1. A hybrid saddle-type vehicle comprising: a rear-wheel supporting member swingably attached to a body frame and adapted to support a rear wheel;a power transmission mechanism configured to transmit a power of an internal combustion engine to a drive shaft of the rear wheel from one side of the rear-wheel supporting member in a widthwise direction of a vehicle; andan electric motor configured to transmit a driving force to the drive shaft from the other side of the rear-wheel supporting member in the widthwise direction,wherein the electric motor includes a motor housing that accommodates a stator and a rotor therein and is fixed to the rear-wheel supporting member,wherein the motor housing is supported on an extension portion extending in the other side in the widthwise direction from a portion of the drive shaft to which the rear wheel is mounted, via a pair of bearing sections disposed on both sides of the motor housing in the widthwise direction, andwherein the rotor is rotatably supported by the drive shaft between the pair of the bearing sections.

2. The hybrid saddle-type vehicle according to claim 1, wherein the rear-wheel supporting member is a swing arm swingably supported on the body frame via a pivot shaft.

3. The hybrid saddle-type vehicle according to claim 2, wherein the motor housing is disposed rearward of the pivot shaft and inward of an end portion of the pivot shaft.
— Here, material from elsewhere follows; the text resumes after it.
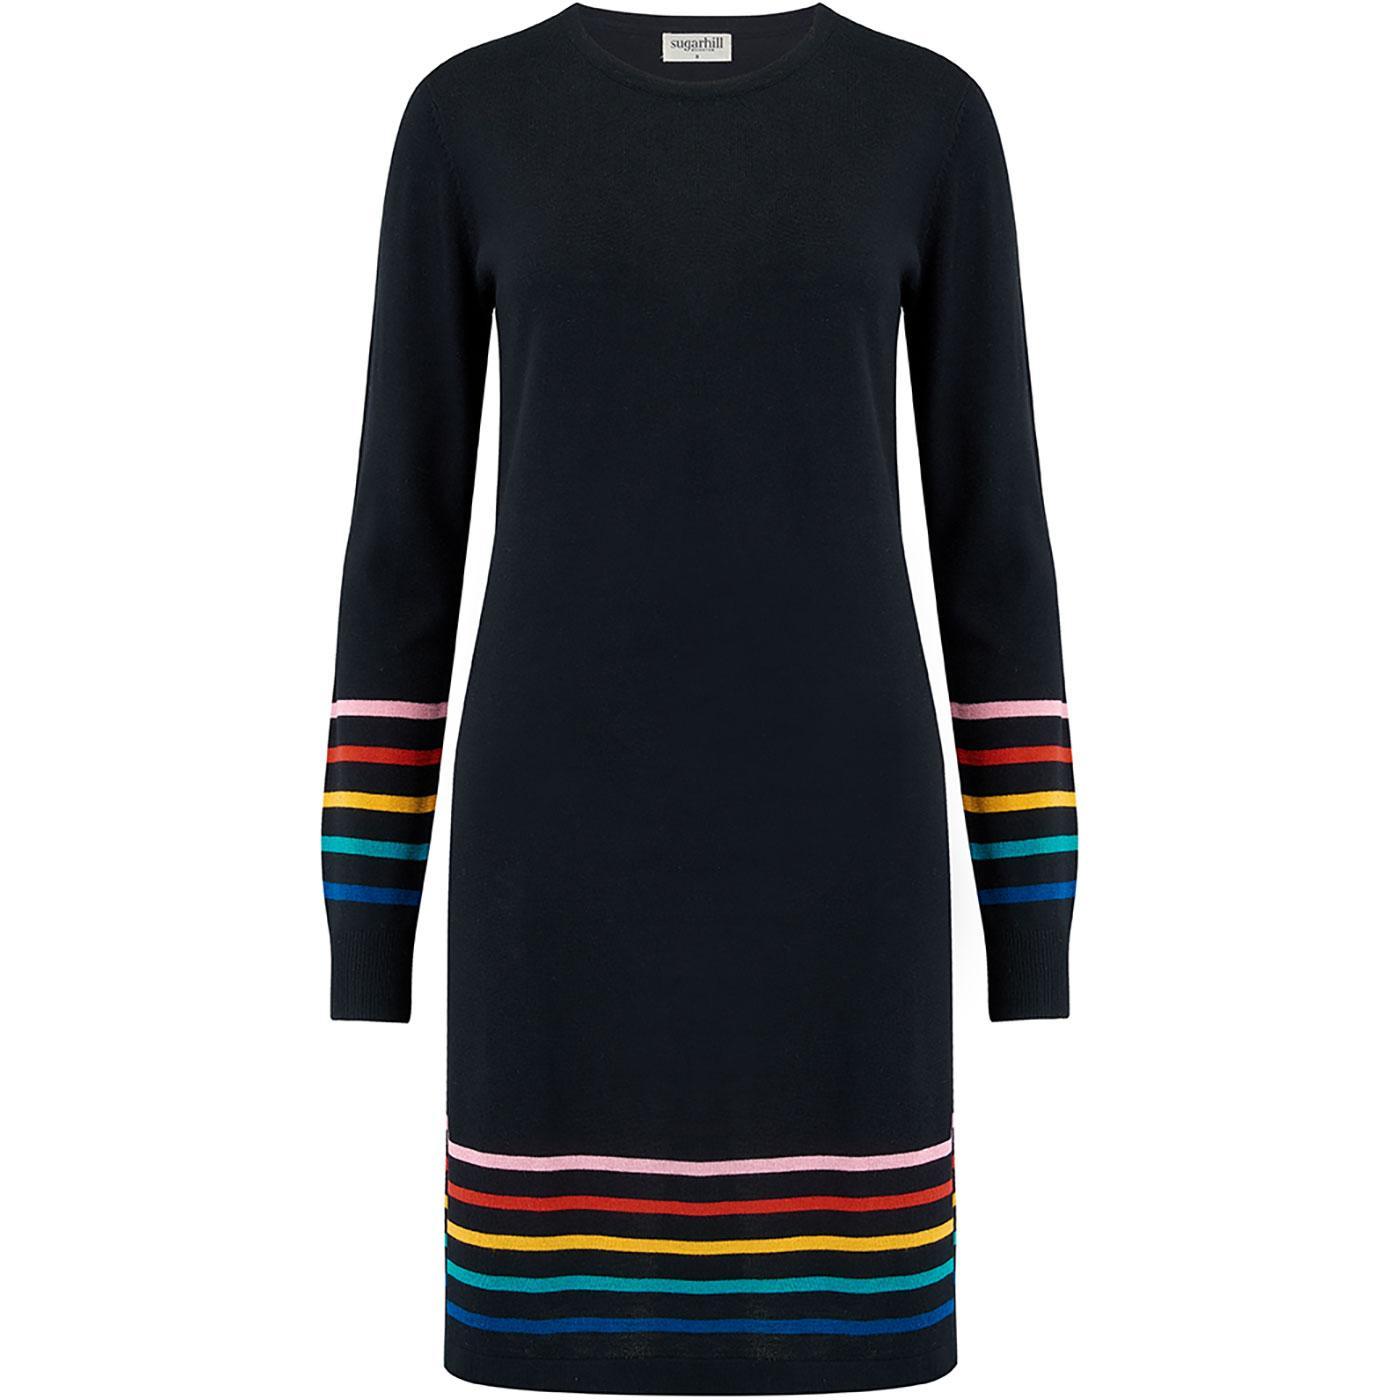 Evie SUGARHILL BRIGHTON Retro 70s Knitted Dress

4. The hybrid saddle-type vehicle according to claim 2, wherein a connection member connecting the motor housing and the swing aim is disposed upward of a bottom surface of the swing arm.

5. The hybrid saddle-type vehicle according to claim 1, wherein the swing arm includes a first arm portion extending from one side of a support portion supporting the pivot shaft in the widthwise direction to a lateral side of the rear wheel, a second atm portion extending from the other side of the support portion in the widthwise direction to a forward of the rear wheel, and a cross portion connecting a rear portion of the second arm portion and the first arm portion, and wherein the connection member connecting the motor housing and the swing arm is connected to the rear portion of the second arm portion from which the cross portion extends.

6. The hybrid saddle-type vehicle according to claim 1, wherein the rear-wheel supporting member is a unit swing case which is swingably supported on the body frame via a link mechanism and covers the internal combustion engine.

7. The hybrid saddle-type vehicle according to claim 1, wherein the drive shaft is provided therein with an axial passage extending in an axial direction from the other end portion thereof, and a radial passage extending in a radial direction from the axial passage and opened near the bearing section which is positioned at an intermediate portion of the drive shaft, and wherein the motor housing is provided with ribs adapted to supply splash oil scattered in the motor housing to the axial passage.

8. The hybrid saddle-type vehicle according to claim 1, wherein the rear wheel of the rear wheel includes a wheel hub portion having an inner cylindrical hub provided at the drive shaft and an outer cylindrical hub provided radially outward of the inner hub, and at least a part of the bearing section supporting the motor housing at a side of the power transmission mechanism is disposed to overlap the outer hub in the widthwise direction.

9. The hybrid saddle-type vehicle according to claim 1, wherein the electric motor further includes a speed reduction mechanism that decelerates the driving force and transmits it to the drive shaft, and wherein the rotor is rotatably supported around the drive shaft, and the speed reduction mechanism is disposed on the other side of the drive shaft in the widthwise direction.